■ WORK ORDER
Copy the data that appears below exactly. Drop the pictures.

■ DATA SEGMENT
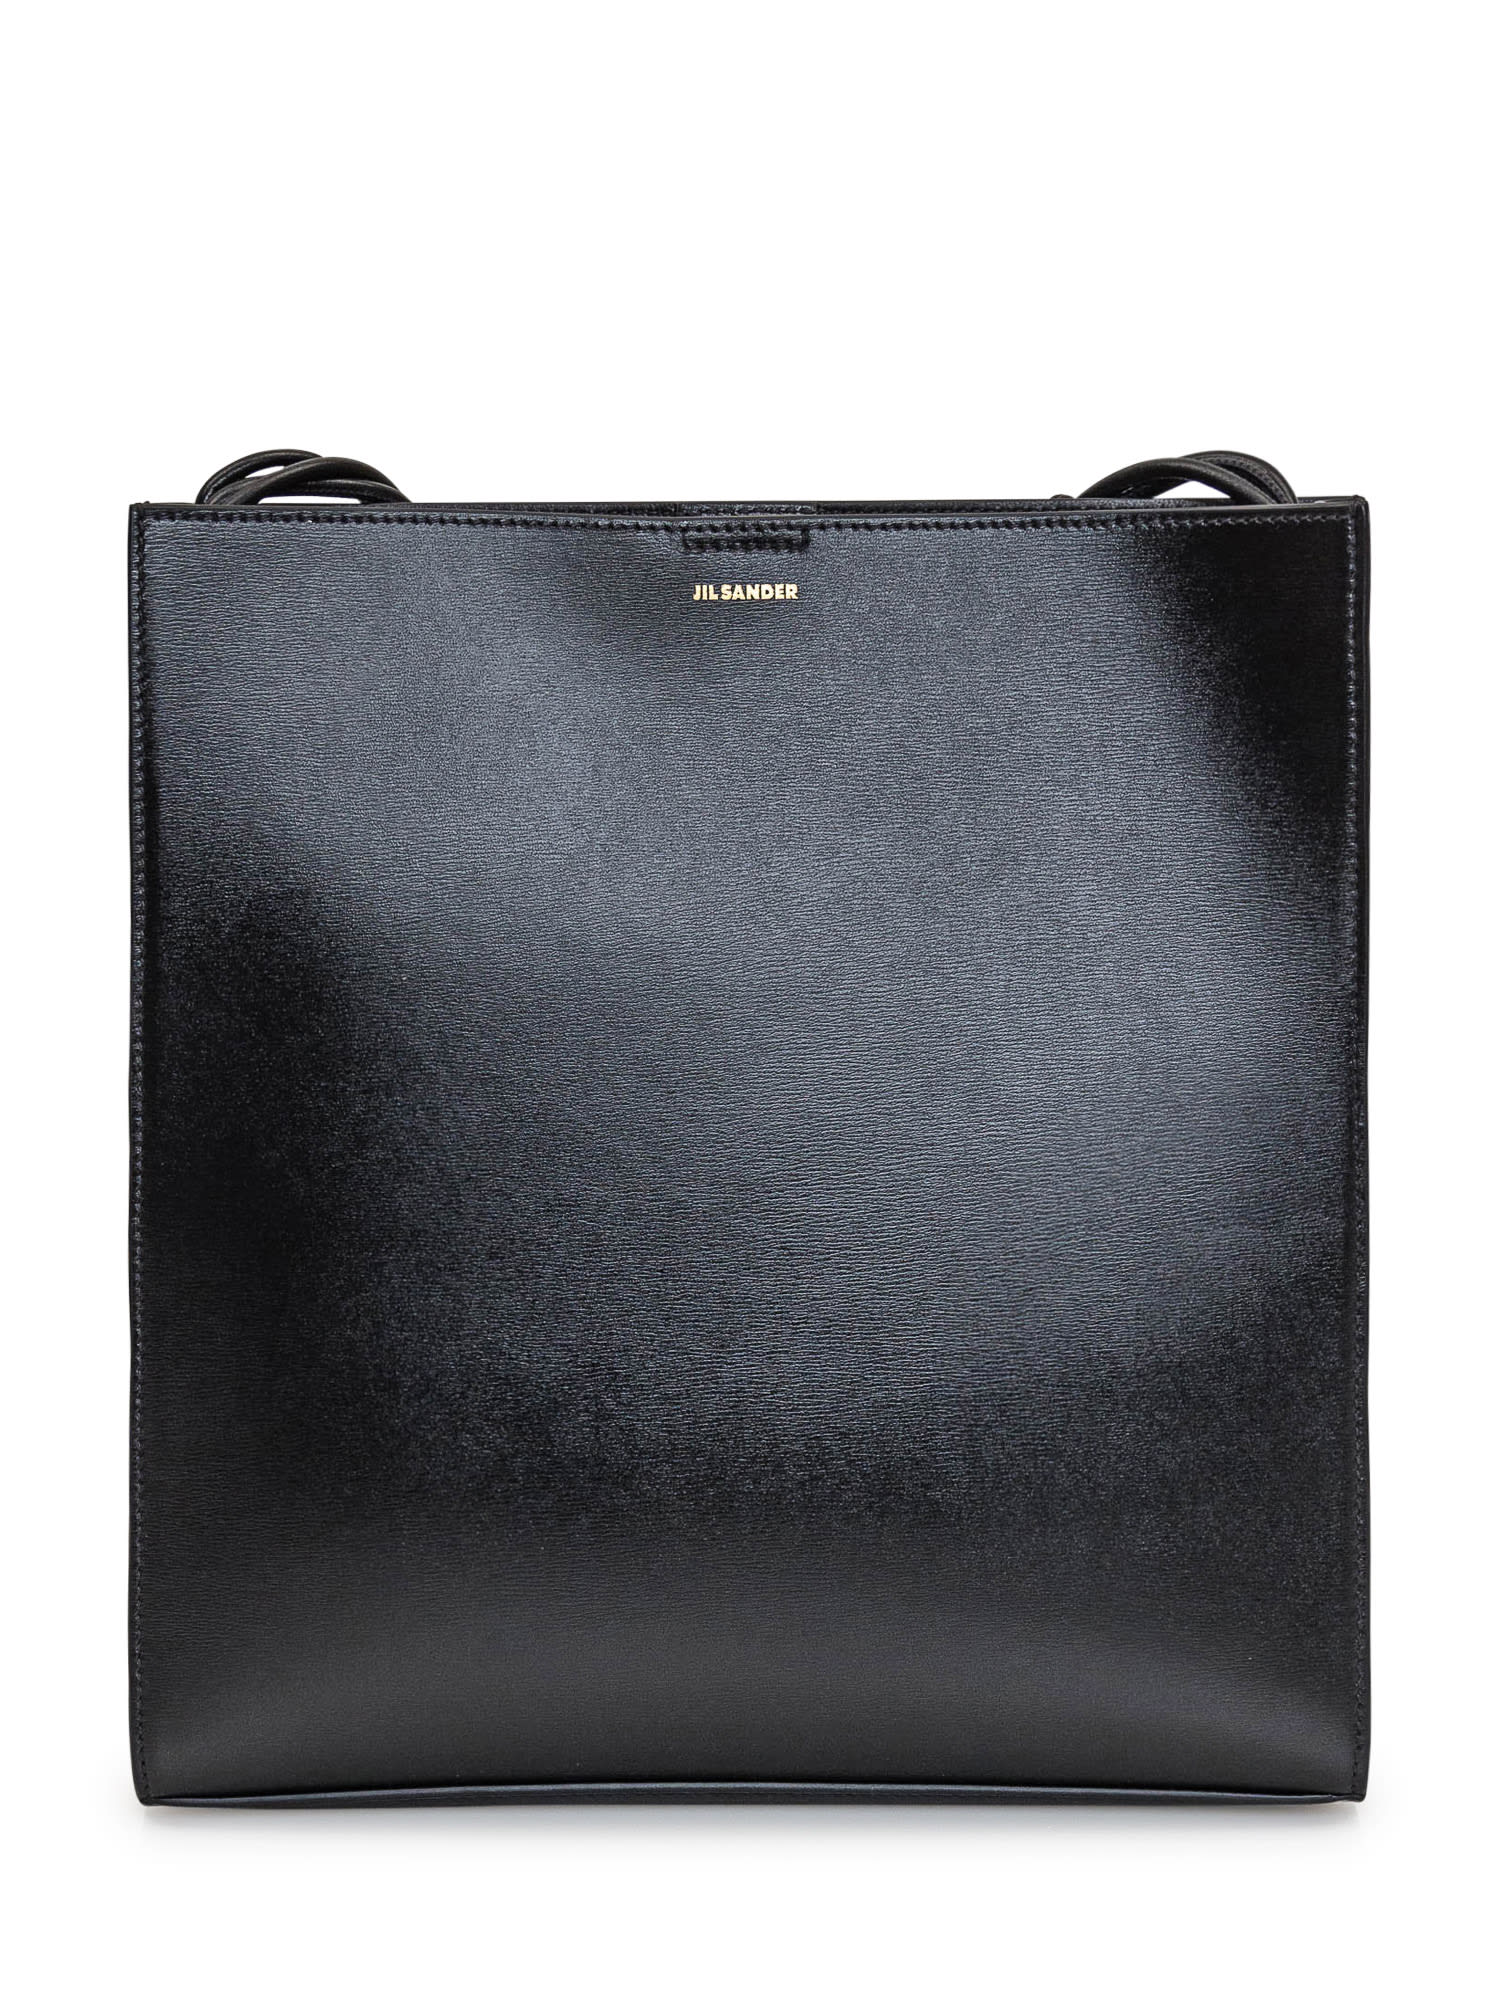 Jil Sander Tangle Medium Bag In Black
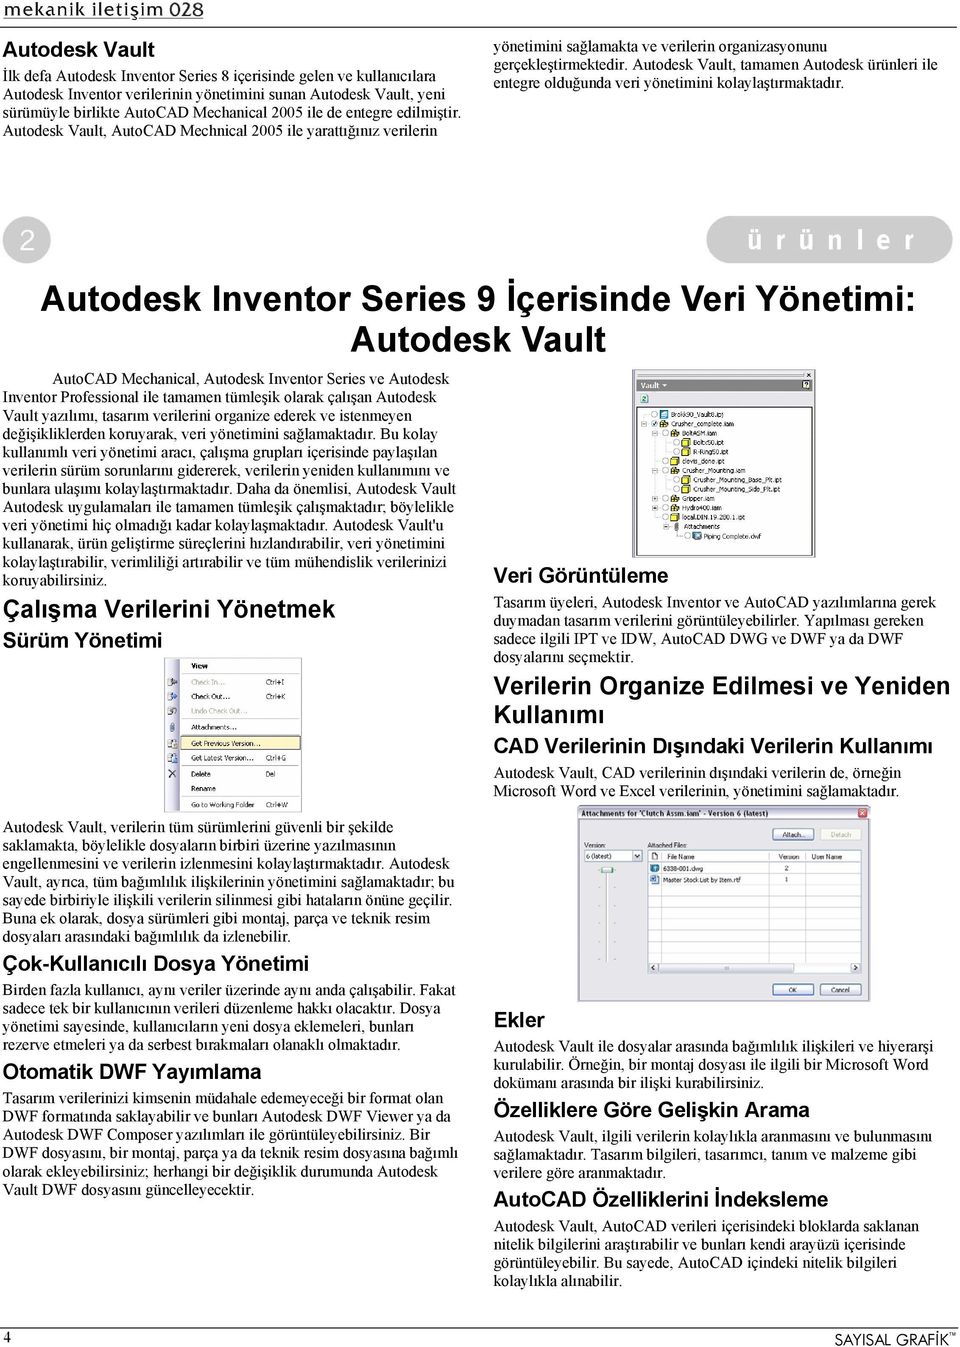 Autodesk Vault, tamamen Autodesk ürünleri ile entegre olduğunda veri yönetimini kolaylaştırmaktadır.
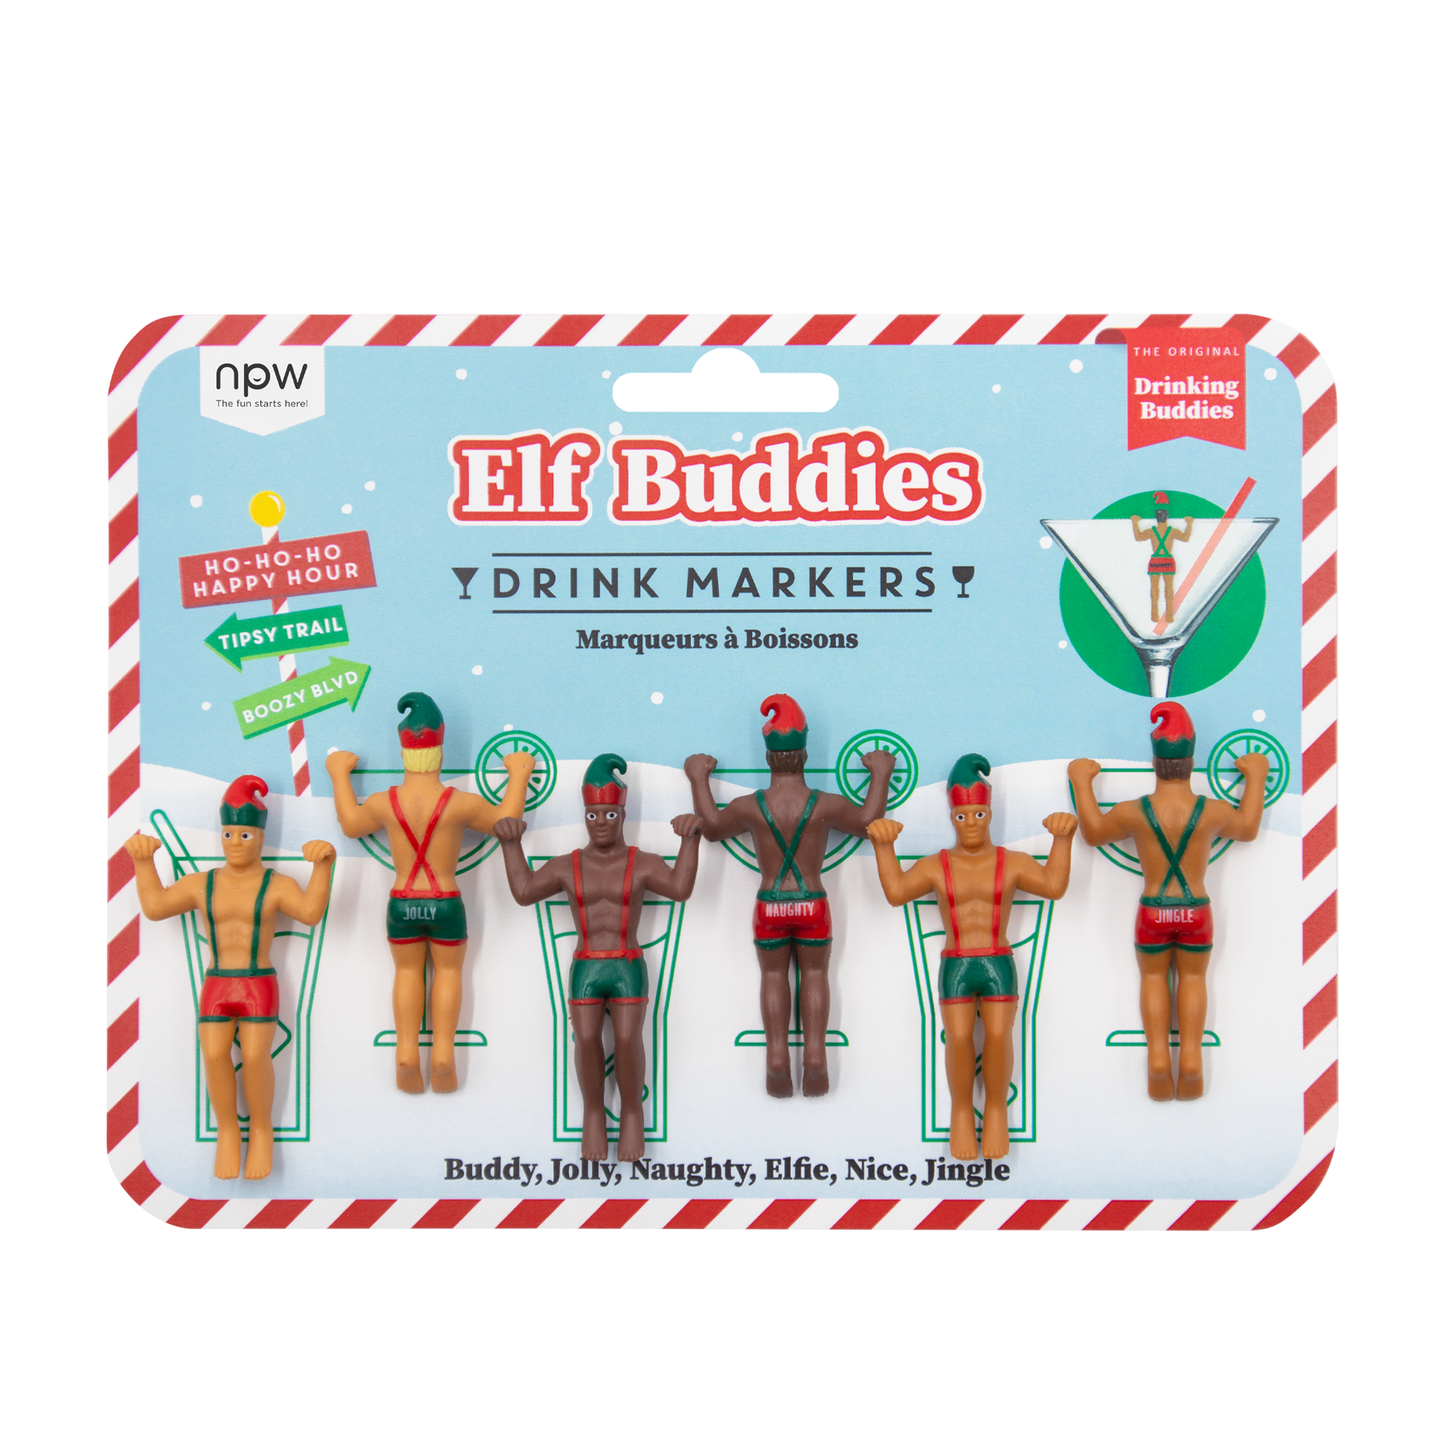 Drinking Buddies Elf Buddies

■ EXERCISE RESPONSE
 Jil Sander Tangle Medium Bag In Black
 Autodesk Vault, tamamen Autodesk ürünleri ile entegre olduğunda veri yönetimini kolaylaştırmaktadır.
 Drinking Buddies Elf Buddies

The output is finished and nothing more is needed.